Więcej informacji: Fentanyl w Narkopedii [H]yperreala
Wiedzą jak leczyć lekomanów/narkomanów nie tylko alkusów -jak to ma miejsce w większości ośrodków.
userd pisze:To będzie długi detox z pobytem w psychiatryku z powodu prób samobójczych. Nieudanych nie z mojej winy, raz ktoś odłączył rurę od samochodu którą miałem skierowaną do wnętrza a drugi raz nie mogłem się wykrwawić w wannie a miałem stracha przeciąć tętnicę na szyi...
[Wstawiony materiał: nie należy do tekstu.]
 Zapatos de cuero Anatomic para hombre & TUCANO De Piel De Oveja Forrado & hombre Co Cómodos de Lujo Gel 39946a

Pewnie powiesz dlaczego się nie powiesiłem ale ja nie uznaje powieszenia, dla mnie to jest najgorszy rodzaj śmierci, kara dla gwałcicieli, pedofilów itp. Gdybym miał wyrok śmierci wybrałbym rozstrzelanie, zastrzyk lub cokolwiek ale nie powieszenie...
Rozważałem niedawno skok z wysokiej kamienicy ale bałem się, że przeżyje także miałem "wizję" swojego mózgu na chodniku. Nie wiem jakoś mnie to obrzydza... Nie zrobię tego bo gdy już planowałem akcje to po jawiła się opcja detoxu. Mam na razie diagnozę F13 oraz F60
PS: Co za ironia losu blu siedzę przed kompem gdzieś 90 km od Ciebie![]()
Pzdr
Nie skacz. Ja w styczniu skoczylem z 4 pietra. I co? I chuj. Lekarz mowil, ze w chuj szczescie ze bylem nacpany i zachlany. Polamane obydwa kulasy, kregoslup, reka. Wszedzie druty i sruby. Ledwo mi stope uratowali.
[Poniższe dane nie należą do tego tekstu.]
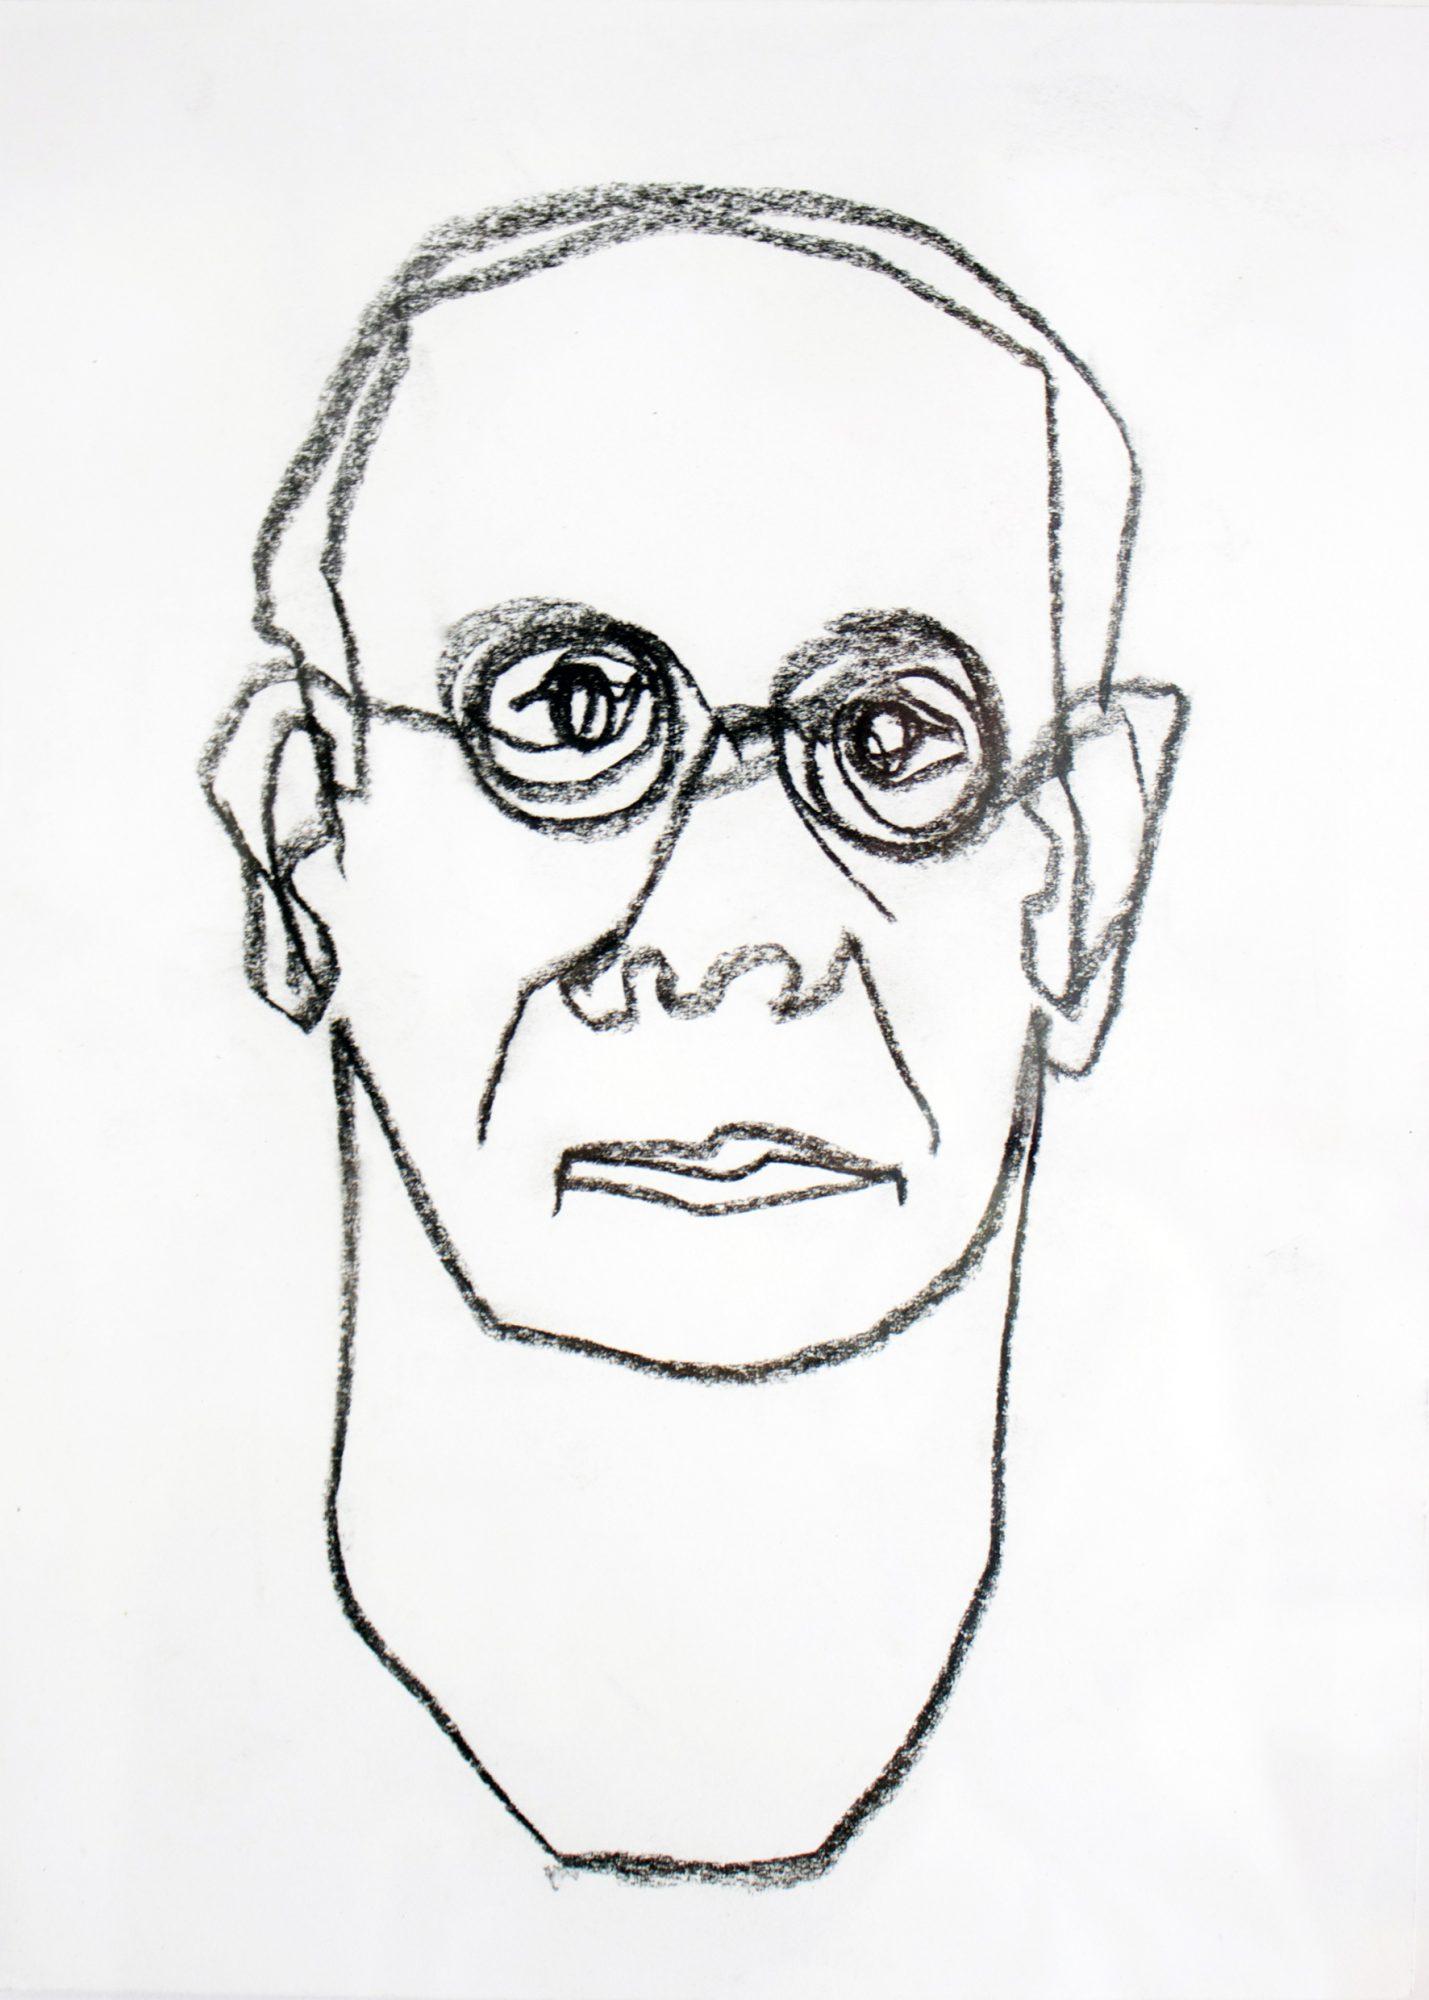 45-caelum-drawing-21-x-15-2011

A w tym wszystkim najgorsze jest, ze nawet jak sie przezyje to jest 90% szans ze do konca zycia bedziesz sral pod siebie i bedziesz karmiony przez rurke.
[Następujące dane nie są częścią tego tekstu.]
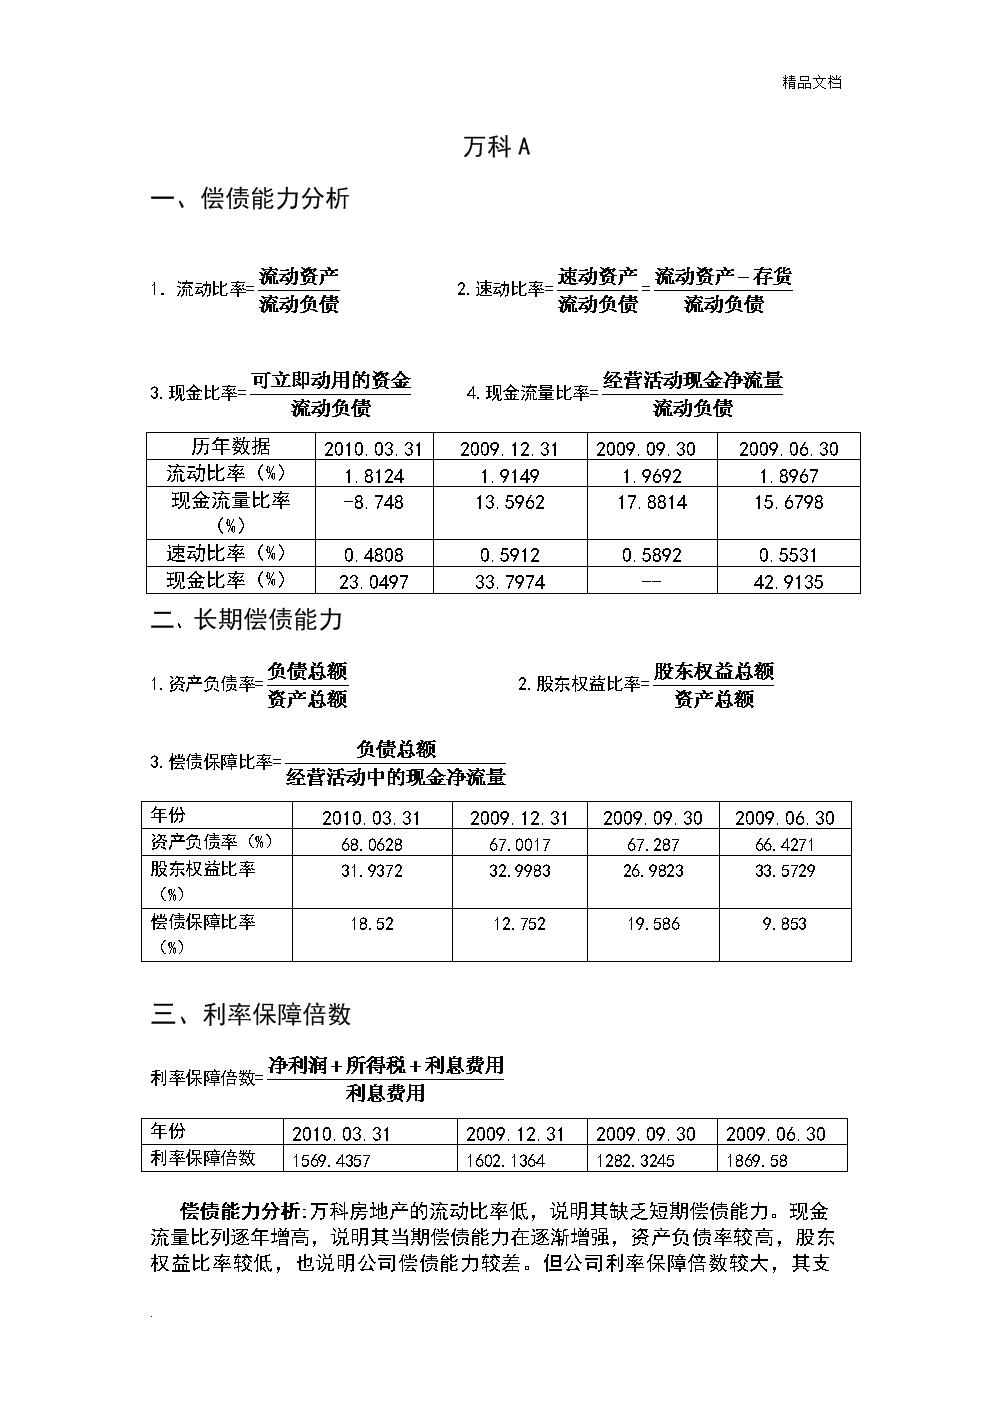 《2019电大财务报表分析》.doc

Palenie fnt ma sens jak ktoś nie pstryka, działanie przypomina ifałke, ale plastry to kiepski do palenia nośnik śmierci. Mimo wszytsko przy żuciu nie wydobywamy z fnt pełnego potencjału psychodelicznego, czy tam dysocjacyjnego, jak kto woli. Moim zdaniem fnt pokazuje pełny potencjał uzależniajacy dopiero, gdy potrafimy odczuć jego działanie psychodeliczne. Trzeba sporo go wyćpac, żeby przeżywać pełen pfofil działania i go pamiętać. Kiedys jak pstryknąłem za duzo to zastanawiałem sie, czy w ogóle jakaś faza była :) (czułem się zajebany, ale to była już koncówka). Teraz jak nie pstrykam to fnt stracił dla mnie urok bo wiem, ze nie osiągnę tego co tak mi sie podobało stosując inną drogę podania. Opio upierdolenie, mnóstwo halucynacji, wybudzenia w obcych miejscach i pełen spokój po opio. Szatańska cząsteczka.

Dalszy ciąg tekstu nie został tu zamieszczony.